Mary dreams about being a famous actress. So do thousands of 10 year olds but 9,999 out of 10,000 won’t make it. Parents should encourage children to cherish their dreams but they also have to prepare them for reality and protect them from choices that could lead to a lifetime of regret.
The whole article reeks of the sexist stereotypes that underlie gender ideology. Why has nobody explained to Mary that boys can sing, dance and wear magenta too? If Mary is really serious about a career as a performer someone should be thinking about how it may be impacted by transition.
As a dancer, Mary will still have male bone structure and will therefore lack the flexibility of a female. Meanwhile, lack of testosterone will prevent him form developing the muscles needed for the leaps and lifts expected of a male dancer. Then there is the risk that suppression of puberty will interfere with bone development and leave Mary at risk of early onset osteoporosis.
The effect of transition on a singing voice is another question mark. It is hard to say how suppression of puberty and cross sex hormones will affect the development of a boy’s voice, but the horrifying history of the castrati gives some indications. In the 17th and 18th century, thousands of boys, mostly from around Naples, were castrated prior to puberty to preserve their singing voices. A few developed voices of exceptional power and flexibility and enjoyed glittering international careers. Many more died during surgery or ended up as servants or doorkeepers in brothels.
Part of the tragedy of the story is that if Mary had not been affirmed, his cross gender identification would likely have desisted with the onset of puberty.
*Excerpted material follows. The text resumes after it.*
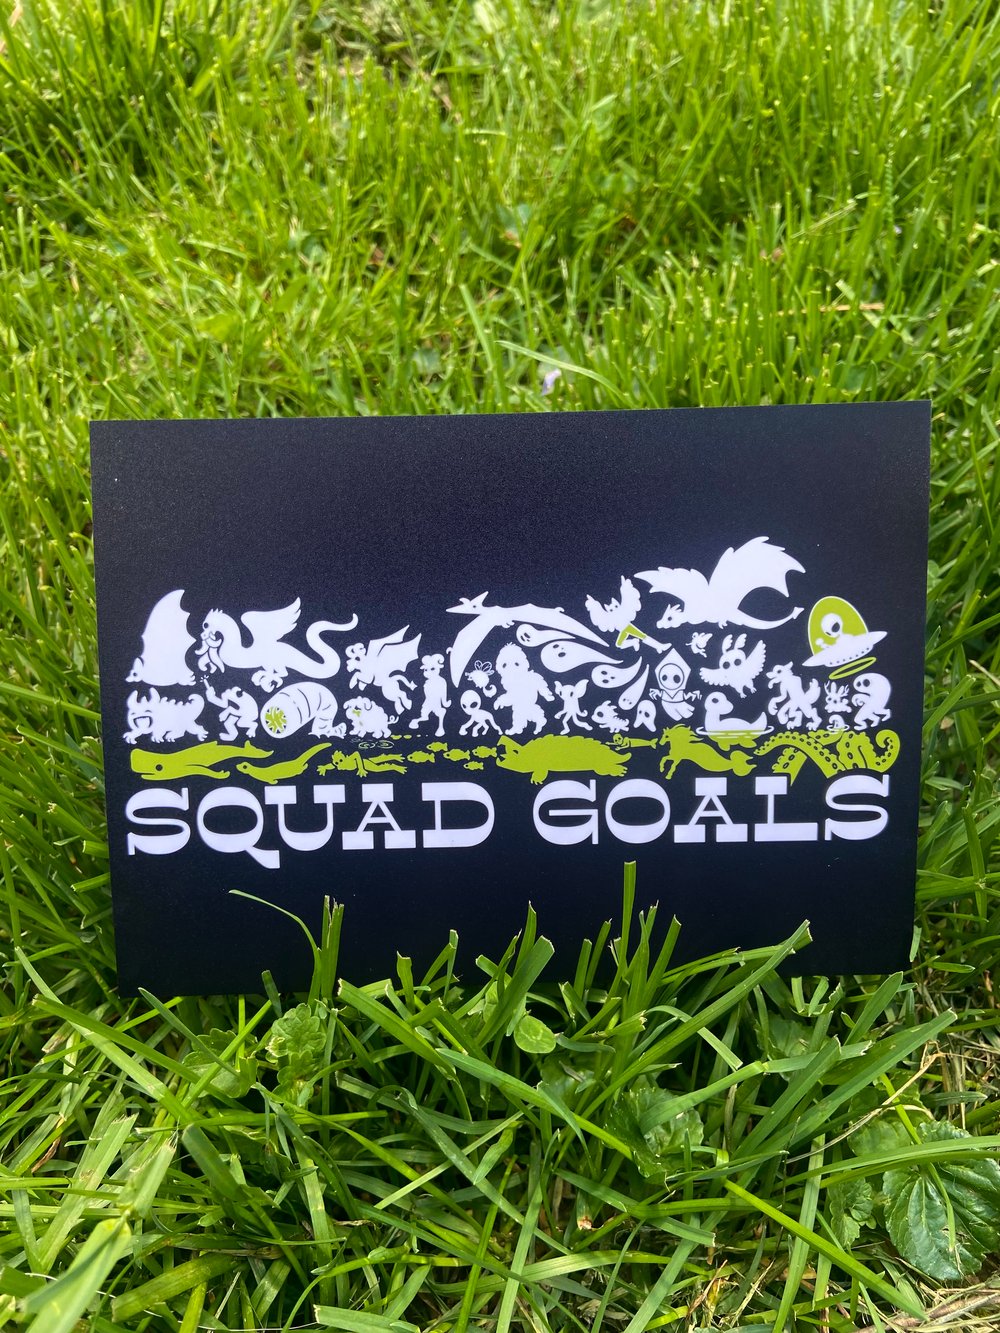 Squad Goals Mini Print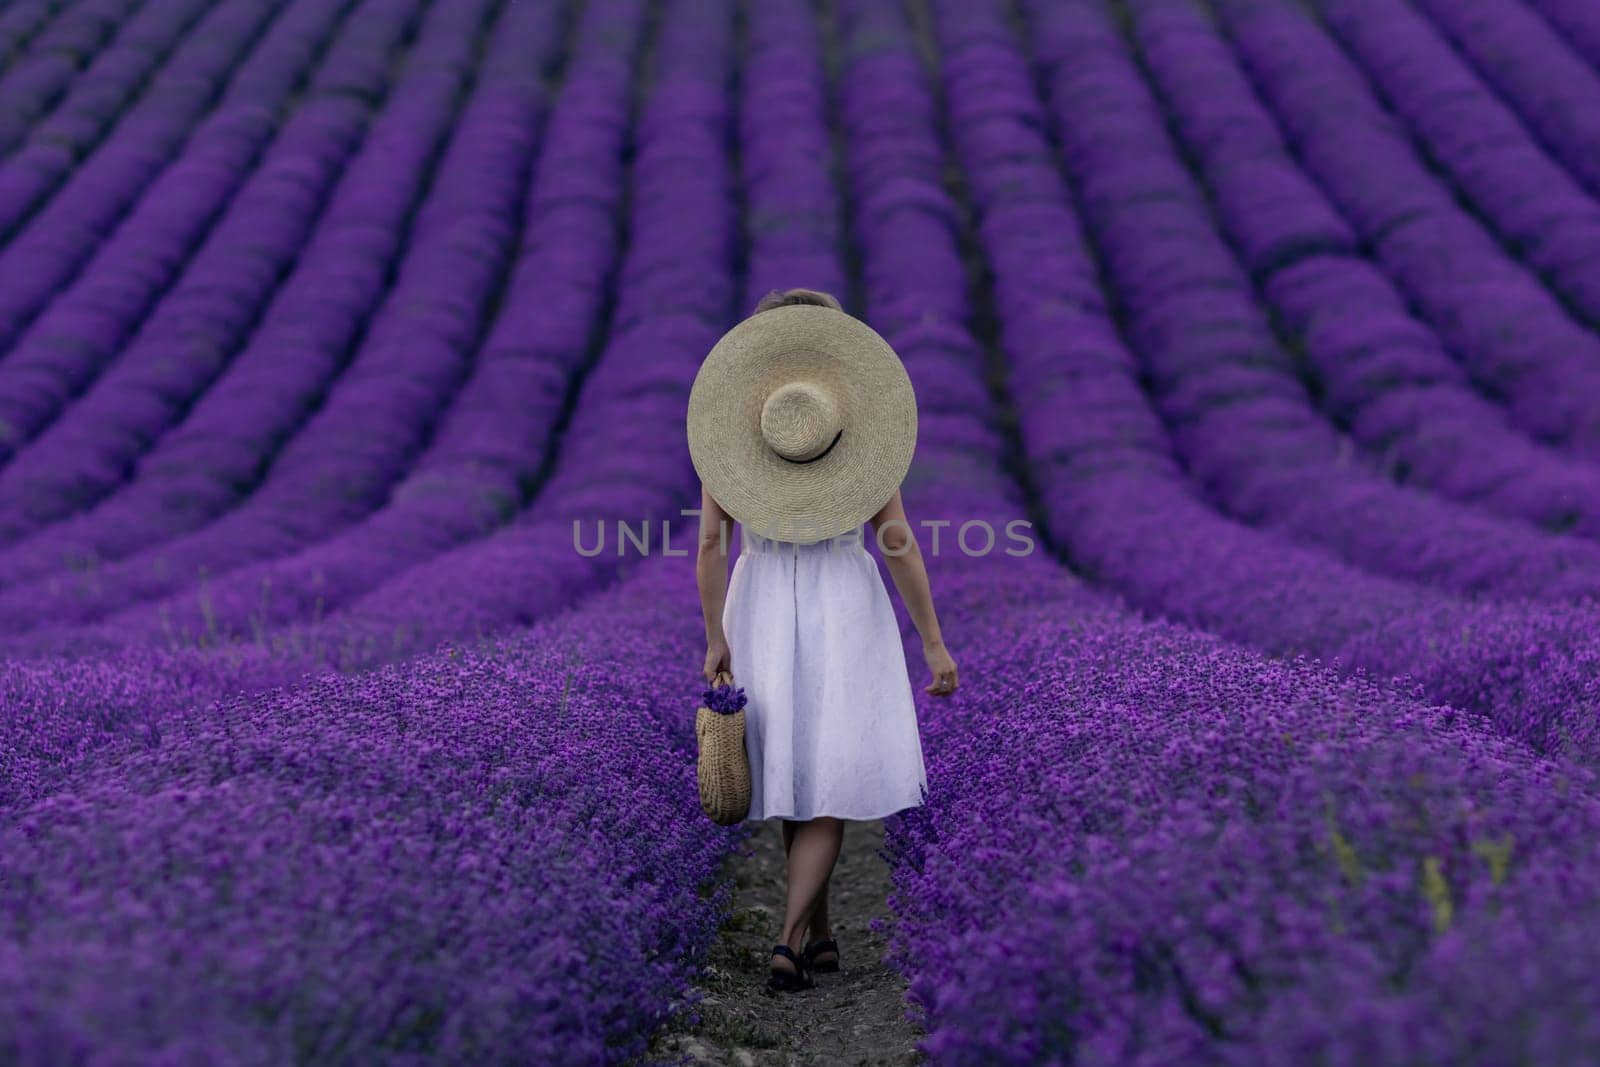 A woman wearing a straw hat walks through a field of purple flowers by Matiunina

Studies done before the affirming care model took over found that between 60 and 90 percent of gender non-conforming children accepted their sex during puberty, with the majority turning out to be lesbians or gays. Many of the angry responses to the post came from lesbians or gays who see affirming care as an insidious new form of conversion therapy.
It's hard to say what the future holds for Mary but he, like all children, deserves medial care based on sound science rather than ideology.
"Mary" or any other boy/male will never know if he eventually feels like a real girl because someone with a male body can have no idea what it feels like to have a female body. We know from adult males with the sexual fetish of autogynephillia that they make assumptions about "what a woman feels" and what a woman is "supposed to" enjoy feeling like, most notably that women enjoy being passive, receptive sex objects for dominant males, and even like to be humiliated. A young boy with no experience with sexual arousal would not think in these terms. When a boy says he believes that he is "really" a girl, he needs to be asked exactly what makes him think that he is a girl? His preference for girls' clothing? The toys girls tend to play with? Does he think that he will enjoy having breasts or having babies as women do? Does he want to be a stay-at-home parent as his mother might be, rather than a go-to-work father? ?????
Great article. You are correct in the things you say, and Canada as a country will eventually catch up to reality and honesty, but not before more children are harmed. Sadly.